Output is tab-separated: query, sample_id, hit_count, containment.

Bias Table Construction

Bias tables allow compositional filtering to increase sensitivity for target sequences while suppressing background noise. They work by scoring k-mers based on their enrichment in a positive (target) set relative to a negative (background) set.

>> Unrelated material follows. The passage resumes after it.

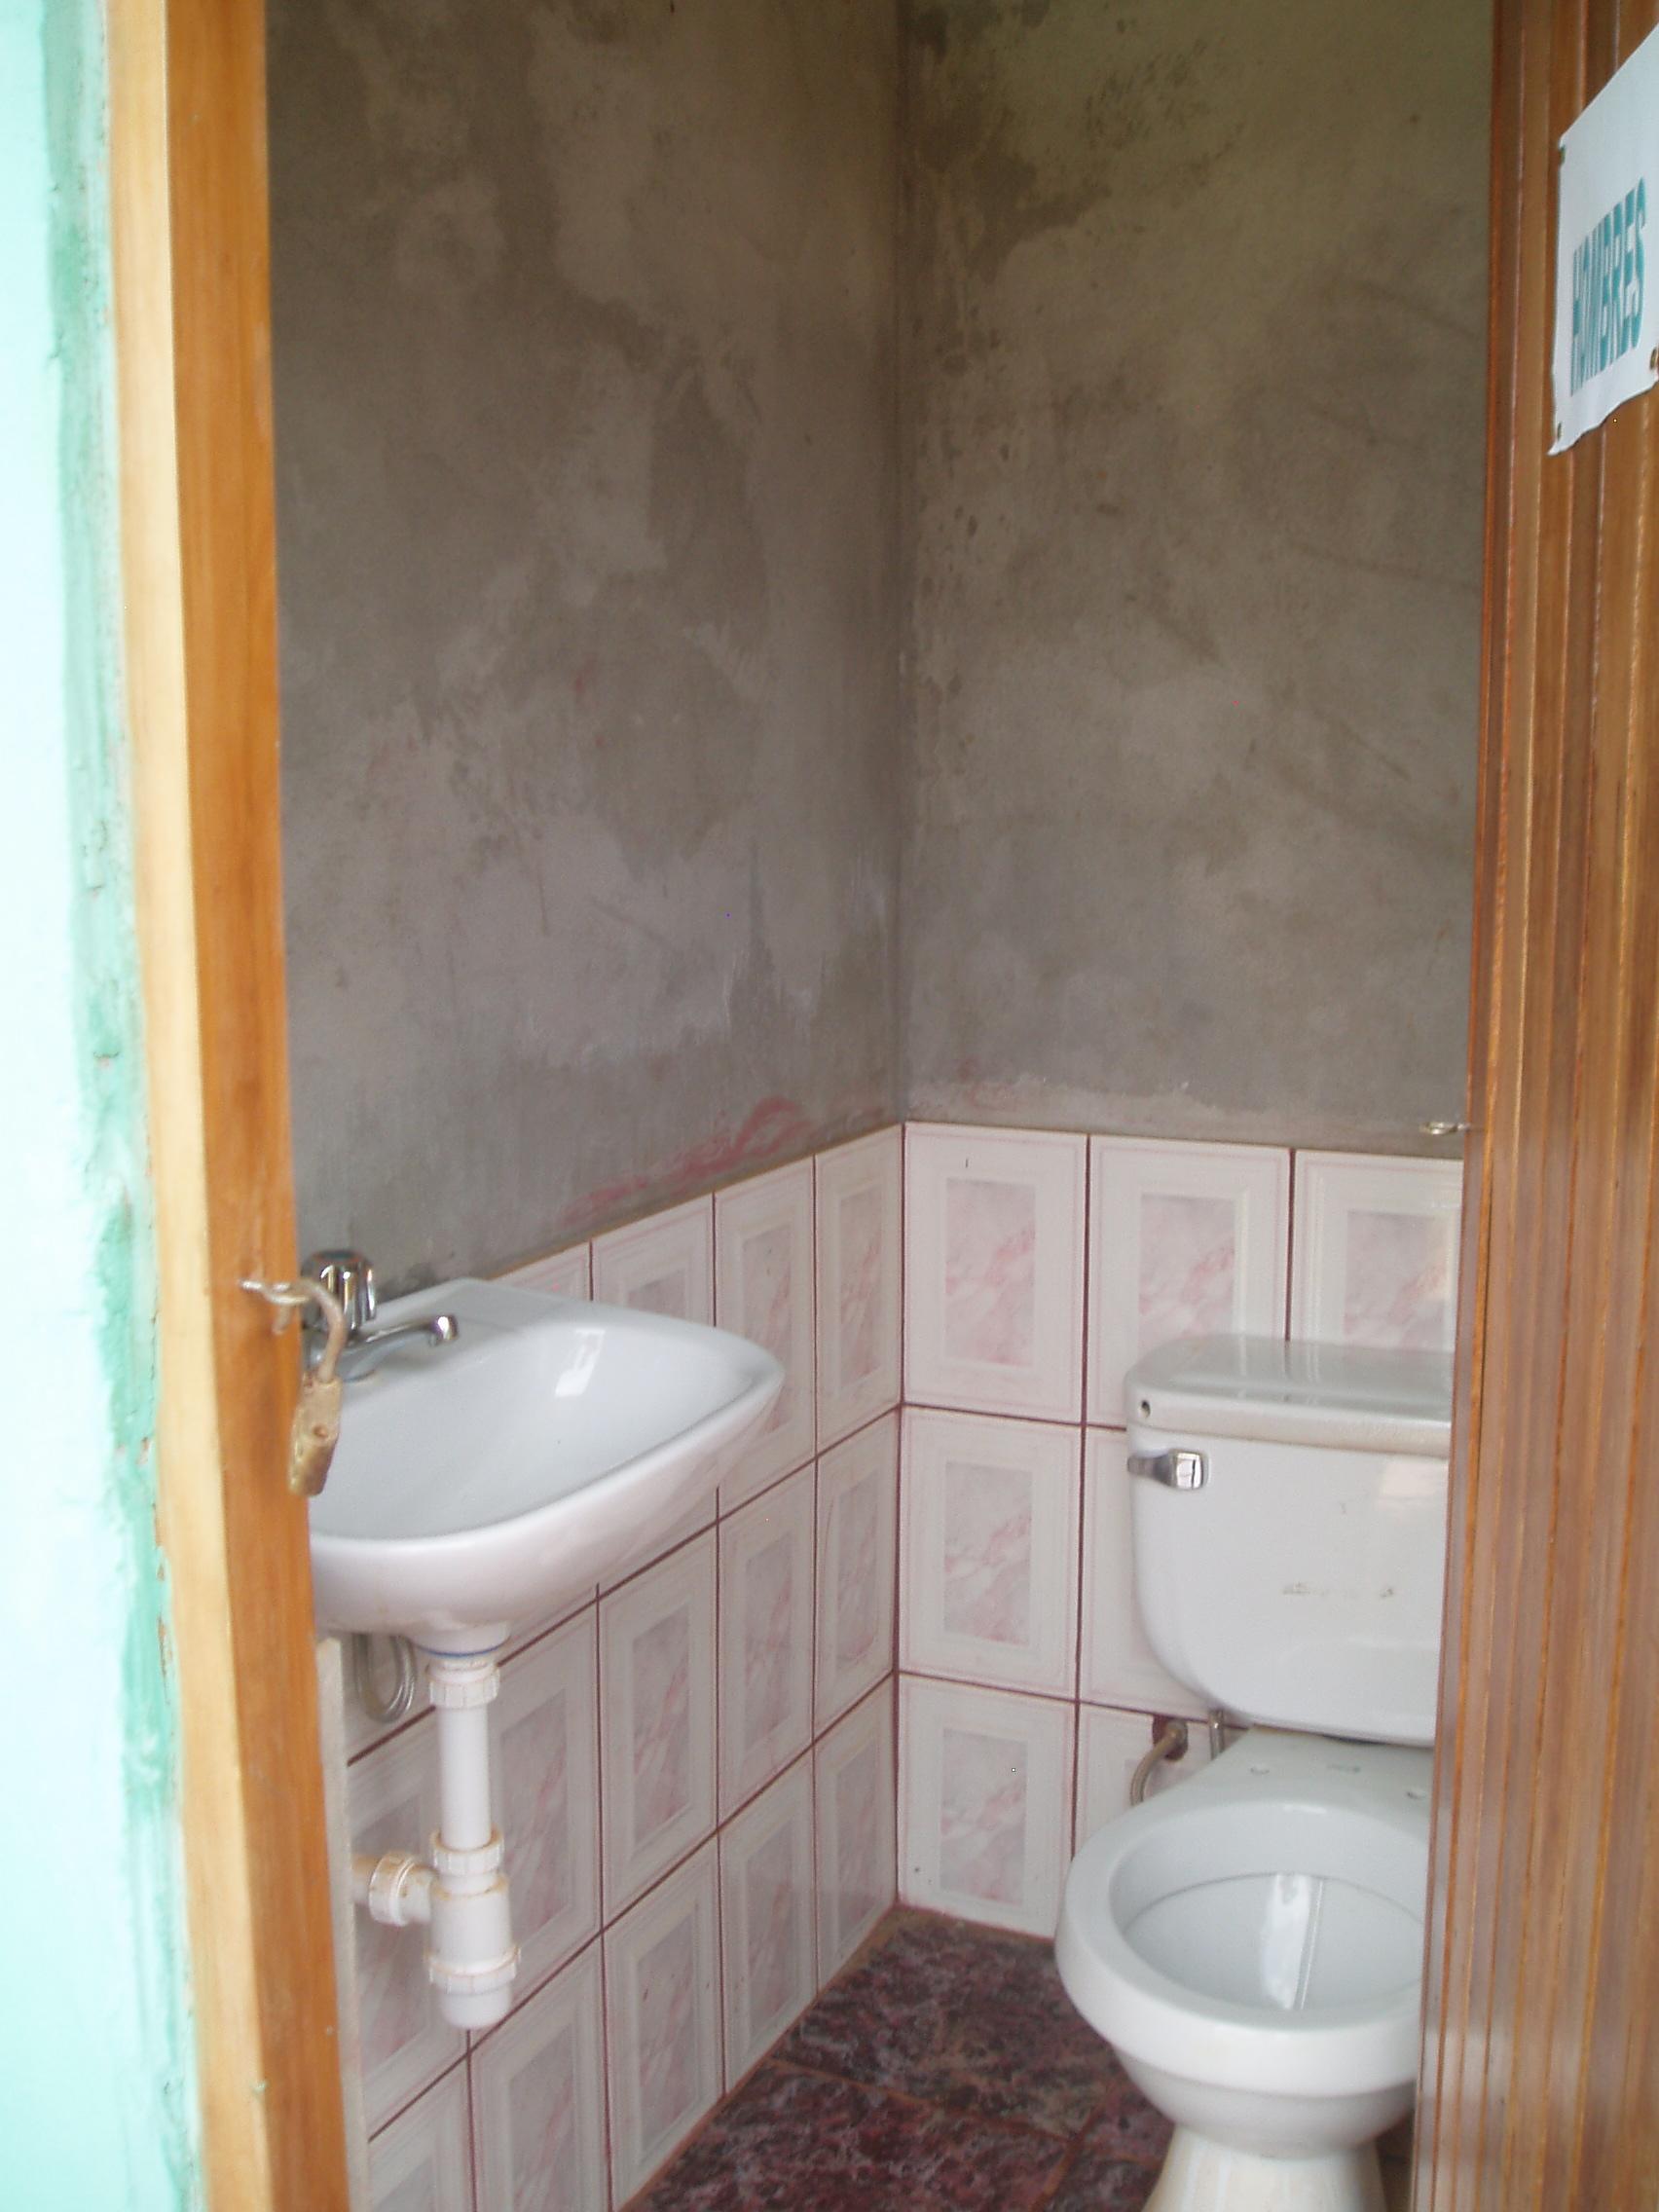 Bello Toilet.JPG

The underlying data structure is a Count-Min Sketch (CMS), a probabilistic structure that approximates k-mer frequencies using multiple independent hash functions mapped to a fixed-width table. This keeps memory usage constant regardless of the number of distinct k-mers. By default, the CMS uses 1,048,576 columns and 5 hash functions (~5 MB).

How it works:

  1. K-mer frequencies from both the positive and negative input sets are counted into separate CMS tables.
  2. Background extraction: The positive counts are subtracted from the negative counts (floored at zero). This prevents k-mers naturally shared between target and background from being penalized.
  3. A log-ratio weight is computed per CMS cell: log((pos + alpha) / (adjusted_neg + alpha)), where alpha is a smoothing parameter.
  4. Weights are quantized to i8 (-127 to +127) for compact storage.
  5. Threshold calibration: All 255 possible thresholds are evaluated. The threshold that maximizes fold enrichment (positive retention / negative retention) is selected. If a target fold enrichment is specified, the closest achievable threshold is used instead.
$ jam bias create --help
Create a bias table from positive (target) and negative (background) FASTA files.
Target signal is always subtracted from background before computing bias weights.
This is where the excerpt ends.